Solving $x^3-y^3=xy+61$ in integers
Solution 1:
Put $x+y=:u$, $x-y=:v$; then $u$ and $v$ are integers of the same parity. In the new variables the equation becomes $${1\over8}(6u^2v+2v^3)={1\over4}(u^2-v^2)+61\ ,$$ which can be written as $$27 u^2+(3v+2)^2={6584\over3 v-1}\ .$$ It follows that $v>1$ and that $3v-1$ must divide $6584=8\cdot 823$; whence $v\in\{1,3,549,2195\}$. $549$ and $2195$ are obviously too large, and $v:=3$ leeds to $u^2=26$ which has no integer solutions. It remains $v=1$ which leads to $u^2=121$ or $u=\pm11$. Therefore we only have the two solutions $(x_1,y_1):=(6,5)$ and $(x_2,y_2):=(-5,-6)$.
Solution 2:
I believe the only answers in the integers are $(6,5)$ and $(-5,-6)$.
If $x$ and $y$ are integers, then we can let $y=x-k$, where $k$ is an integer.
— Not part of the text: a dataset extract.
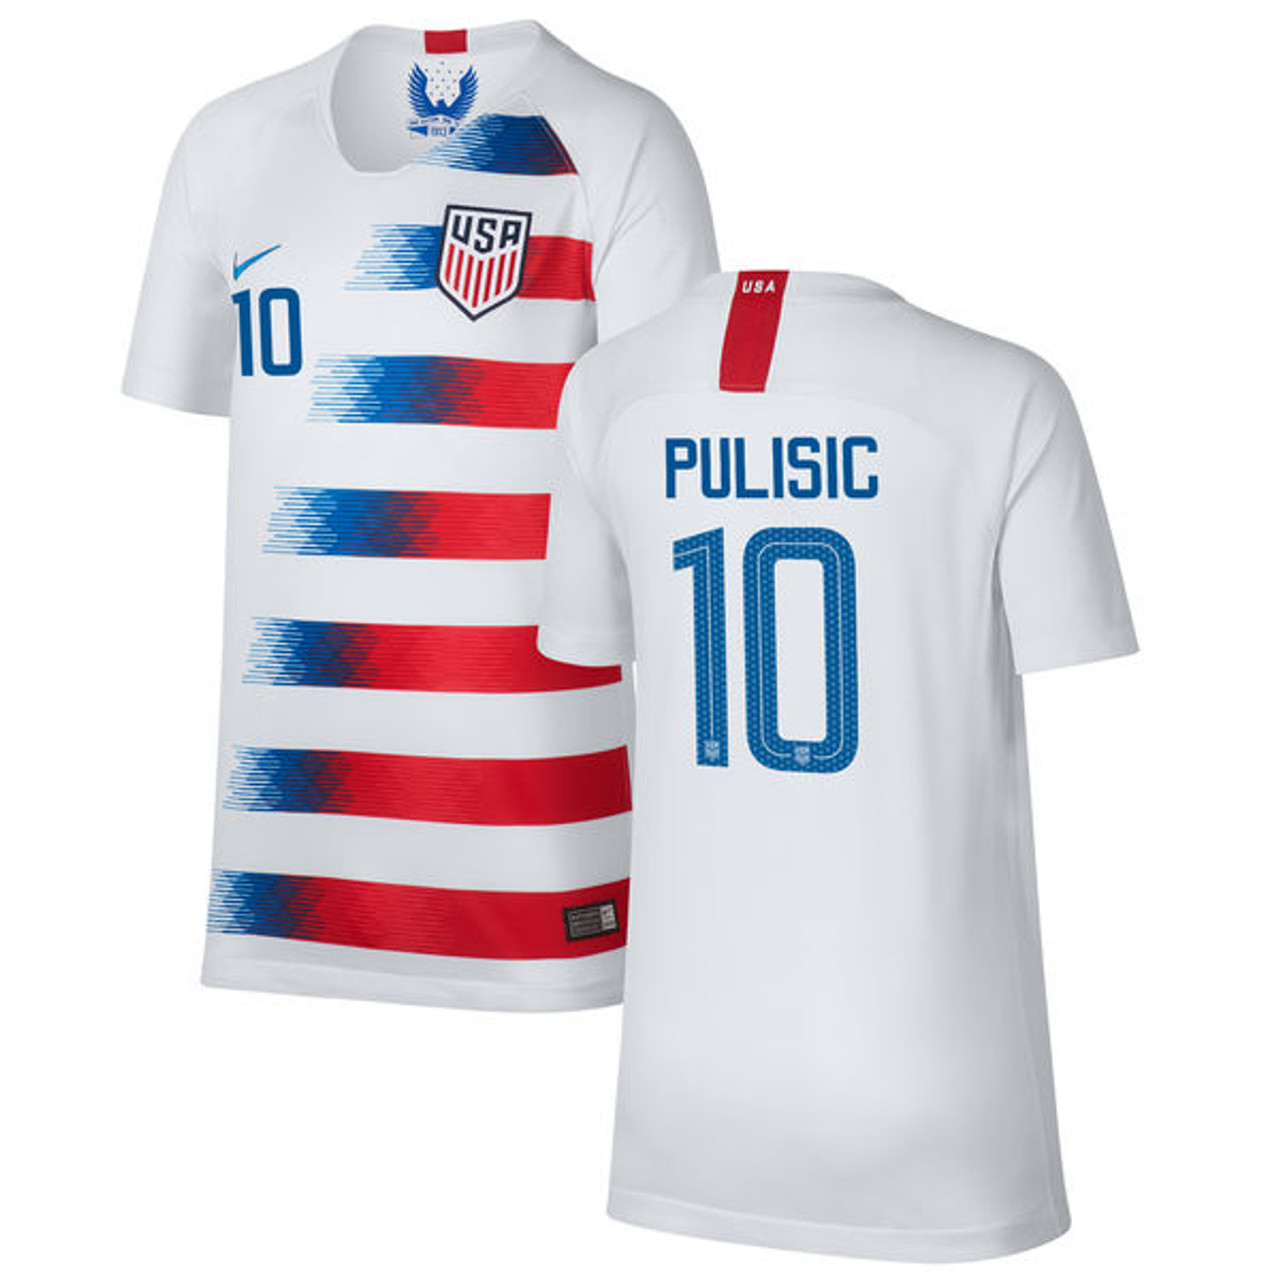 Categorie produceren belofte NIKE USA 2018 `PULISIC` HOME JERSEY - Soccer Plus
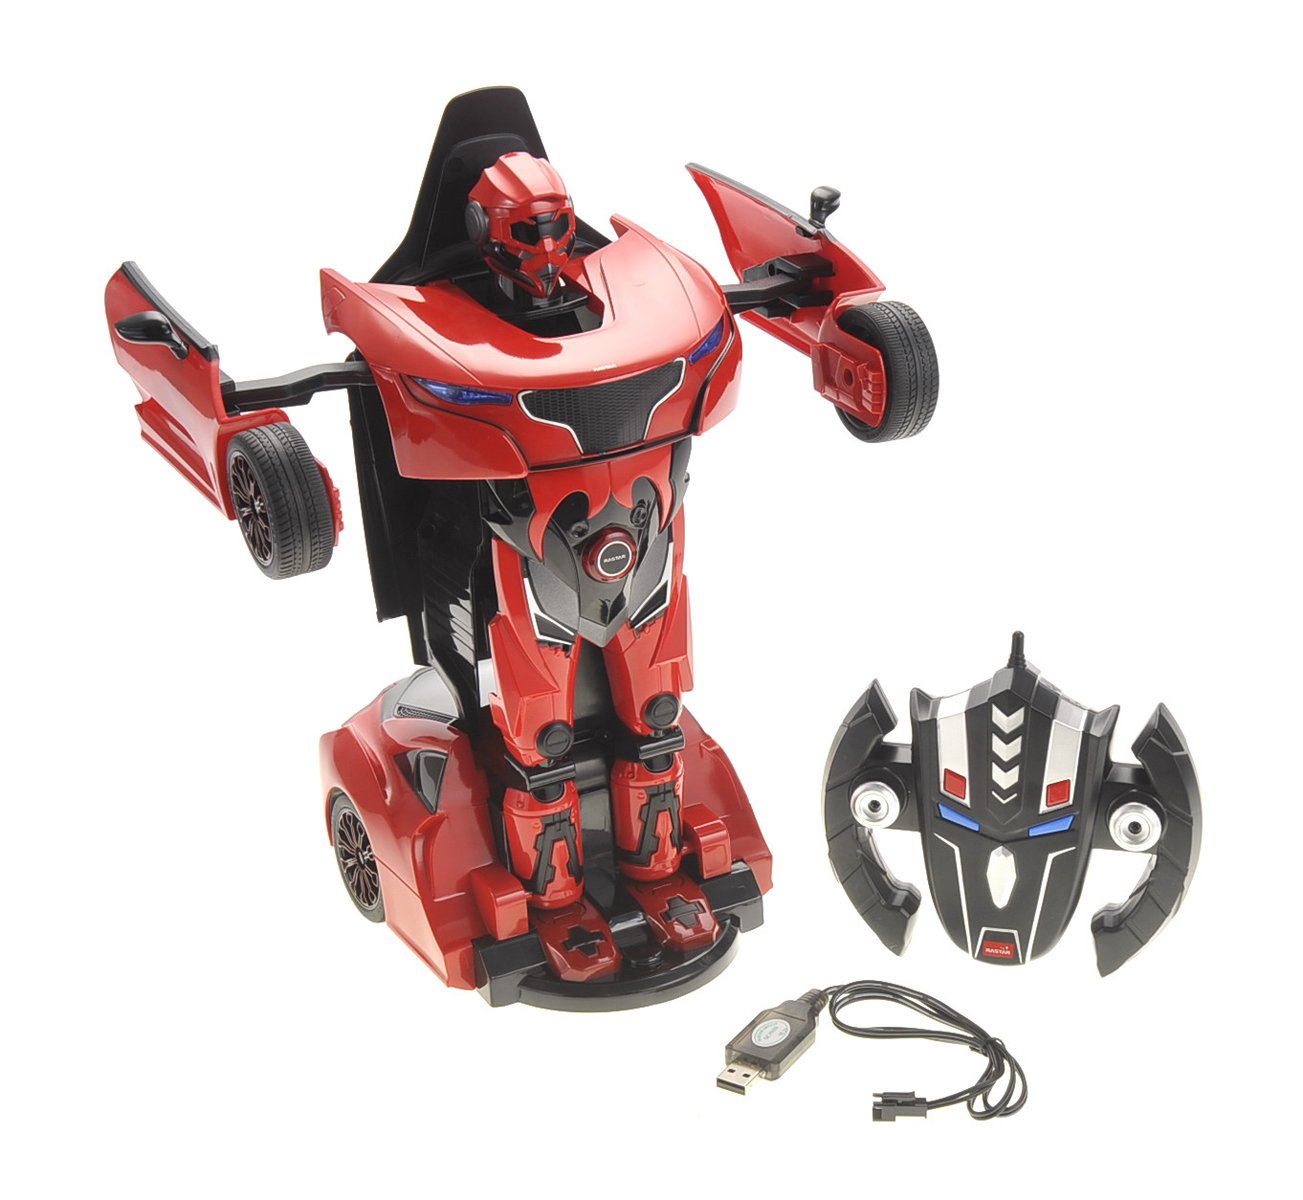 AZ Trading & Import azimporter 1:14 Rs Transformer 2.4G Robot Car (Red)

Then the equation can be written as a quadratic in $x$: $$k(x^2+x(x-k)+(x-k)^2)-x(x-k)-61 = 0$$ The solutions to this are: $$x = \frac{k(3k-1) \pm\sqrt{(1-3k)(k^3+k^2-244)}}{2(3k-1)}$$ The term under the square root is only positive for $k=1,2,3,4,5$, and checking the results for each of these shows that only $k=1$ results in integer solutions (listed above).
Solution 3:
If we restrict ourselves to positive solutions, we can do it by brute force. In that case clearly $x>y>0$.
If $x-y=1$, we have $x^2+y^2=61$, which has the unique solution $x=6,y=5$.
If $x-y=2$, we have $2(x^2+xy+y^2)=xy+61$, or $2(x^2+y^2)+xy=61$; clearly $x$ and $y$ must both be odd, with $x^2+y^2<30$. The only candidate is $x=3,y=1$, which clearly doesn't work.
If $x-y=3$, we have $3(x^2+y^2)+2xy=61$; here $x$ and $y$ must have opposite parity, with $x^2+y^2<20$, so $x=4,y=1$ is the only candidate, and it doesn't (quite) work.
If $x-y=4$, we have $4(x^2+y^2)+3xy=61$, so $x$ and $y$ must be odd, and $x^2+y^2<15$; there are no solutions in this case.
Suppose that $x-y\ge 4$. Then $(x-y)(x^2+xy+y^2)\ge 4(5^2+5\cdot1+1^2)>61$, so there are no solutions.